The historic moment was live streamed on YouTube by Dee Shanger. Shanger has been making a video record of the Mi’kmaq attempts to have their authority over their ancestral lands respected by the provincial government.
To applause of those gathered to witness the event, Levi declared that “if SWN comes back, we’ll be here too.” Those sentiments were echoed by Ann Pohl who has been unwavering in her support of the Elsipogtog First Nation and opposition to shale gas development.
“”We’ll be back on the line again if we need to be,” Pohl said. She is one of a number of people named by SWN last year in a so-called ‘SLAPP’ suit designed to stop their anti-shale gas protest work. The peaceful resistance to shale gas development in Kent County last year may not be necessary if the provincial government willingly complies with the Supreme Court decision.
It now appears quite likely that the Mi’kmaq will be taking legal action against the Province of New Brunswick to force it to respect the law. Such legal action would very likely make shale gas development here all but impossible. There are also serious implications for forestry leases granting access to traditional Aboriginal land.
“With the Supreme Court of Canada’s Tsilhqot’in decision, it is absolutely clear that the Mi’kmaq People have a truly winnable case,” Pohl. “The IMW Peace and Friendship Legal Fund will finance this winning challenge.”
Anyone wishing to support the Mi’kmaq legal action can send donations to the IMW Peace and Friendship Legal Fund at 249 Main St, Elsipogtog NB E4W-2X2. IMW stands for Iapjiw Maliaptasikt’tiew Wskwitqamu, which means “Forever taking care of the earth.”
In giving the Supreme Court decision, Justice McLachlin detailed what a provincial government’s ‘duty to consult’ Aboriginal people about development on their land entails.
Compounding the failure of the Province of New Brunswick in its duty to consult with the Elsipogtog First Nation about such development is the fact that the Alward government granted those permits and leases to SWN in direct opposition to the clearly expressed wishes of the land owners. Further, it used the RCMP to forcibly repress peaceful opposition from those who, in light of June’s Supreme Court decision, still hold lawful title to that land.
The Tsilhqot’in lawsuit in BC was that people’s response to their provincial government giving timber leases to a private company on their ancestral land. The parallels to timber leases on forest lands never ceded by the Mi’kmaq and other Maritime First Nations are striking. Summarizing a 2006 Supreme Court of Canada decision, (R. v. Morris, 2006 SCC 59,  2 S.C.R. 915) Justice McLachlin stated that “since Aboriginal rights are akin to Treaty rights, the Province has no power to legislate with respect to forests on Aboriginal title land.”
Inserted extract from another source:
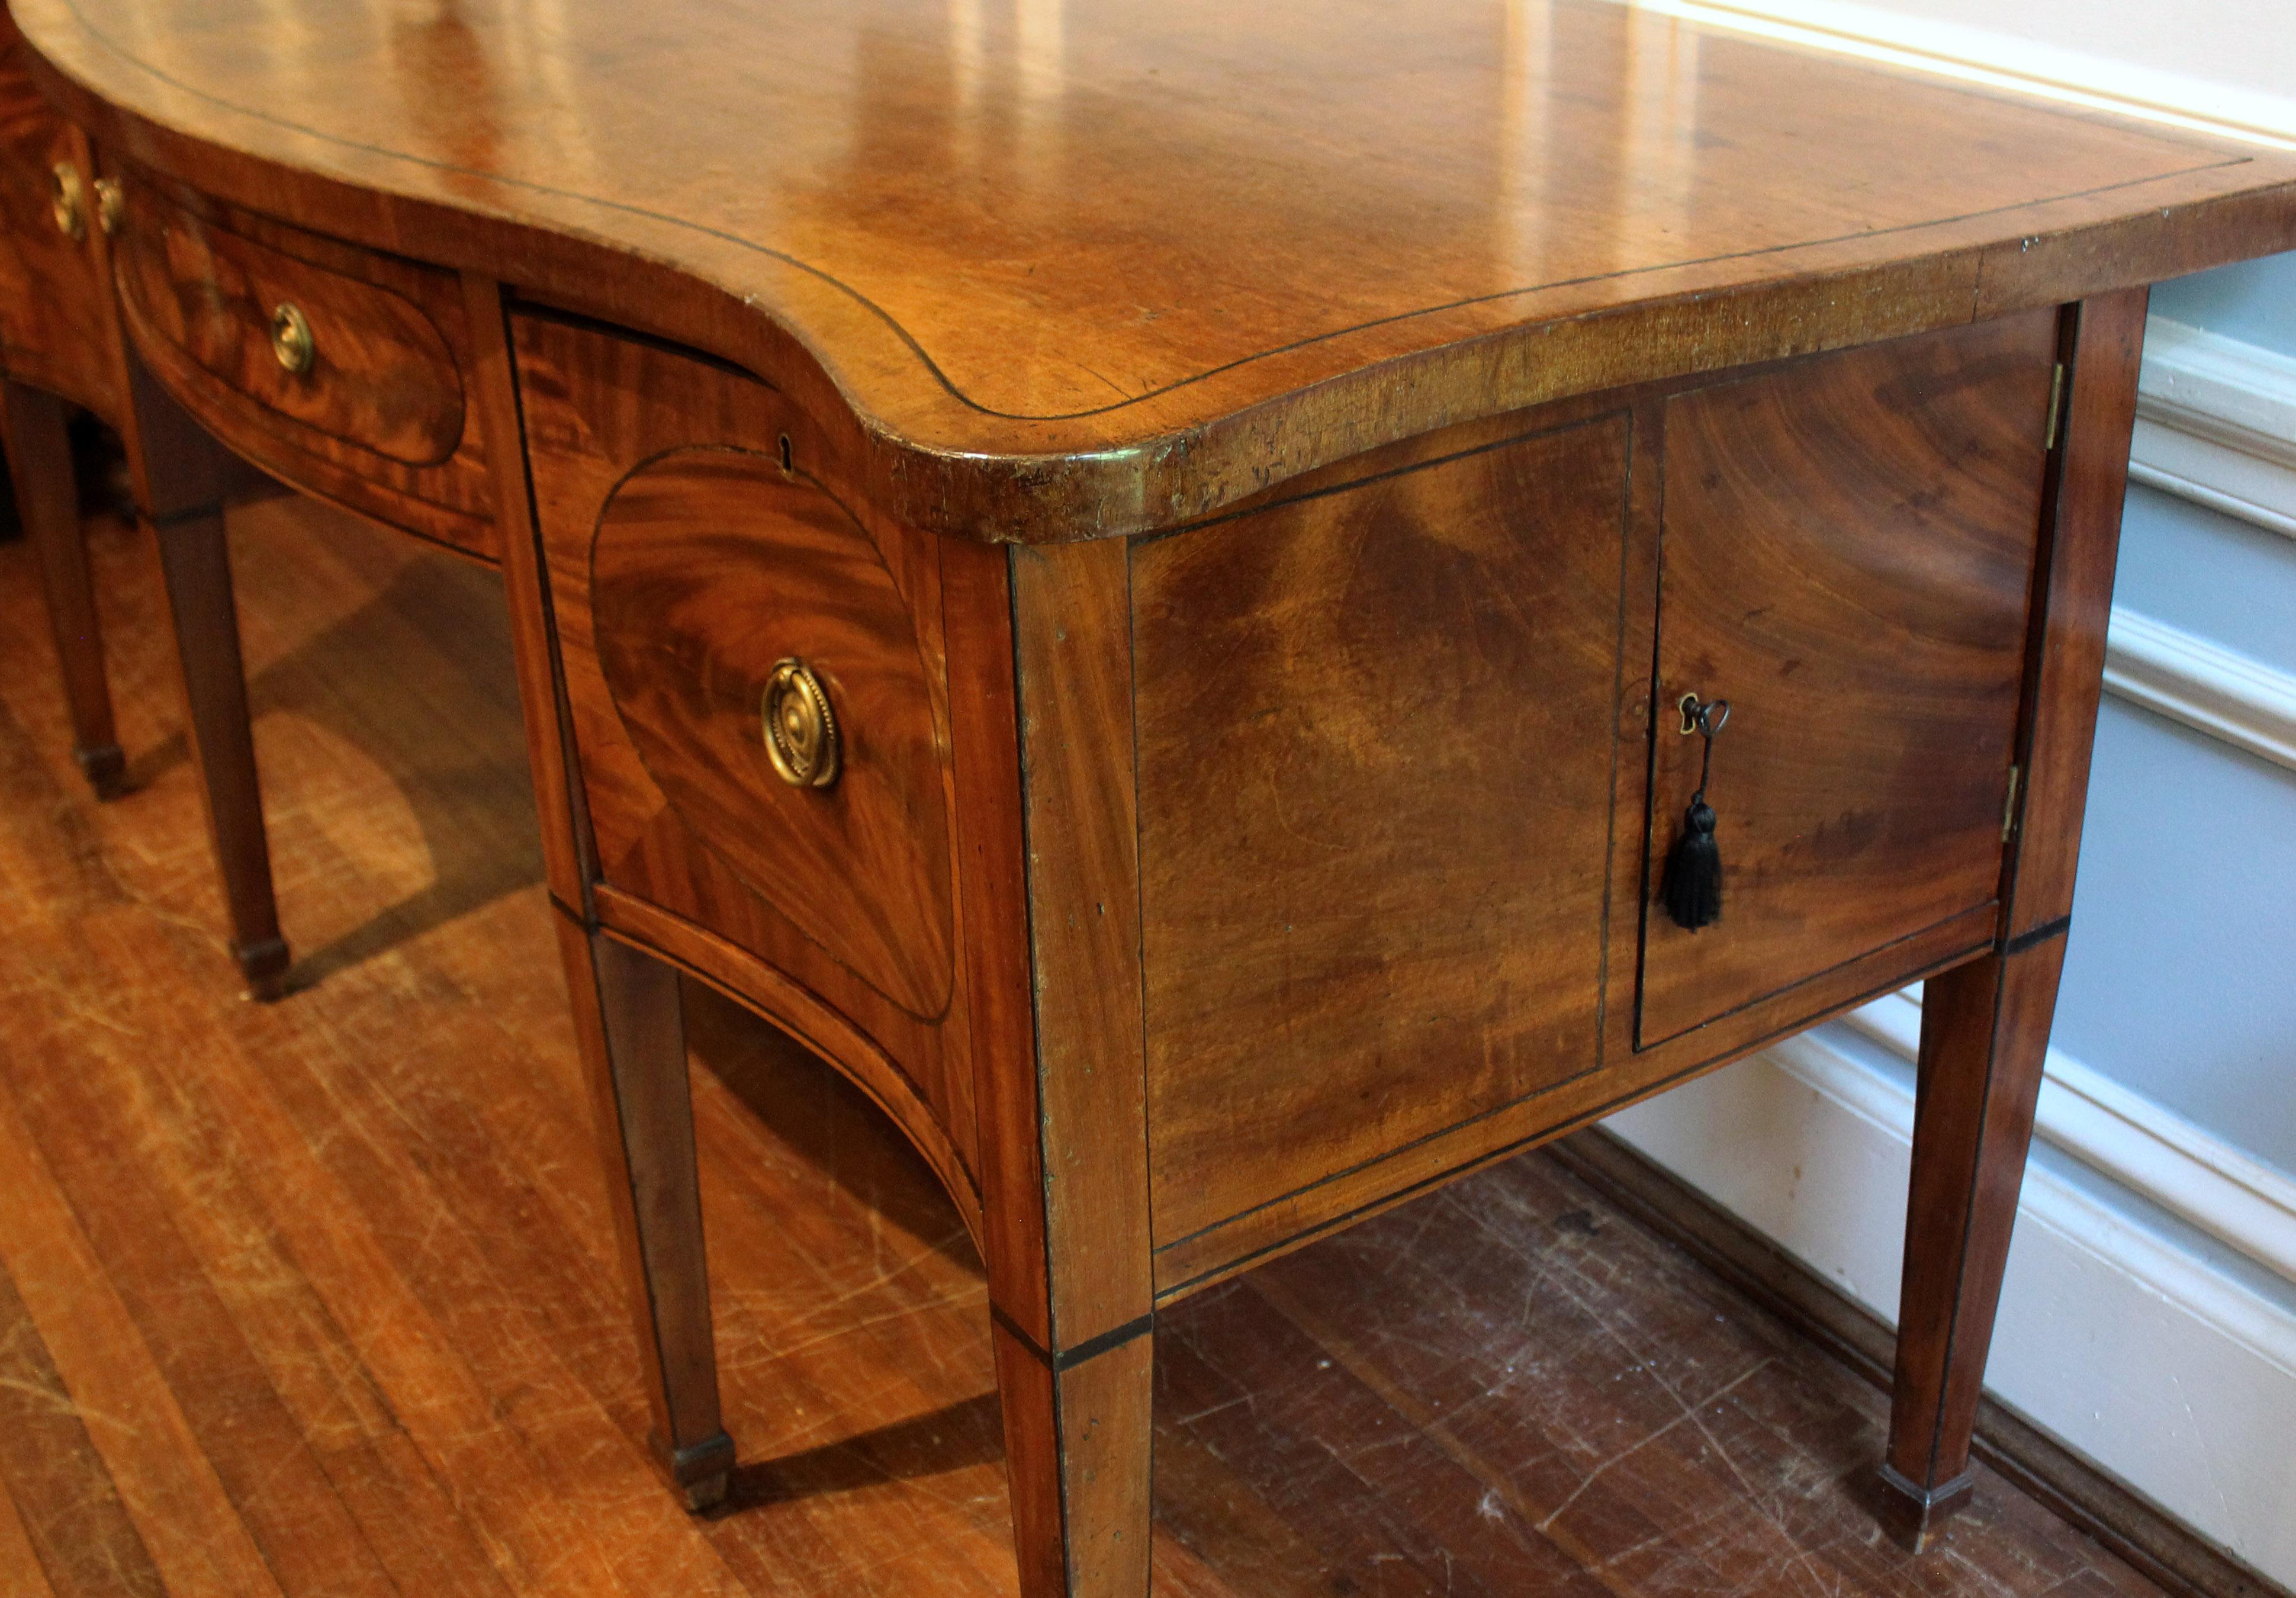 Oak Late 18th to Early 19th Century English Serpentine Form Sideboard For Sale

With the Tsilhqot’in decision, the country’s highest court has struck down the authority previously claimed by many provincial governments, including the Alward Conservatives in New Brunwick, unilaterally to allow resource companies access to the ancestral lands of any First Nation in Canada. In New Brunswick, the Alward government has also granted leases for shale gas companies to develop unconventional shale gas and oil deposits on Aboriginal land never sold or ceded by any treaty.
The June 26 Supreme Court decision notes that, in Canada, “Aboriginal land rights survived European settlement and remain valid to the present unless extinguished by treaty or otherwise.” It also says that “the right to control the land conferred by Aboriginal title means that governments and others seeking to use the land must obtain the consent of the Aboriginal title holders.”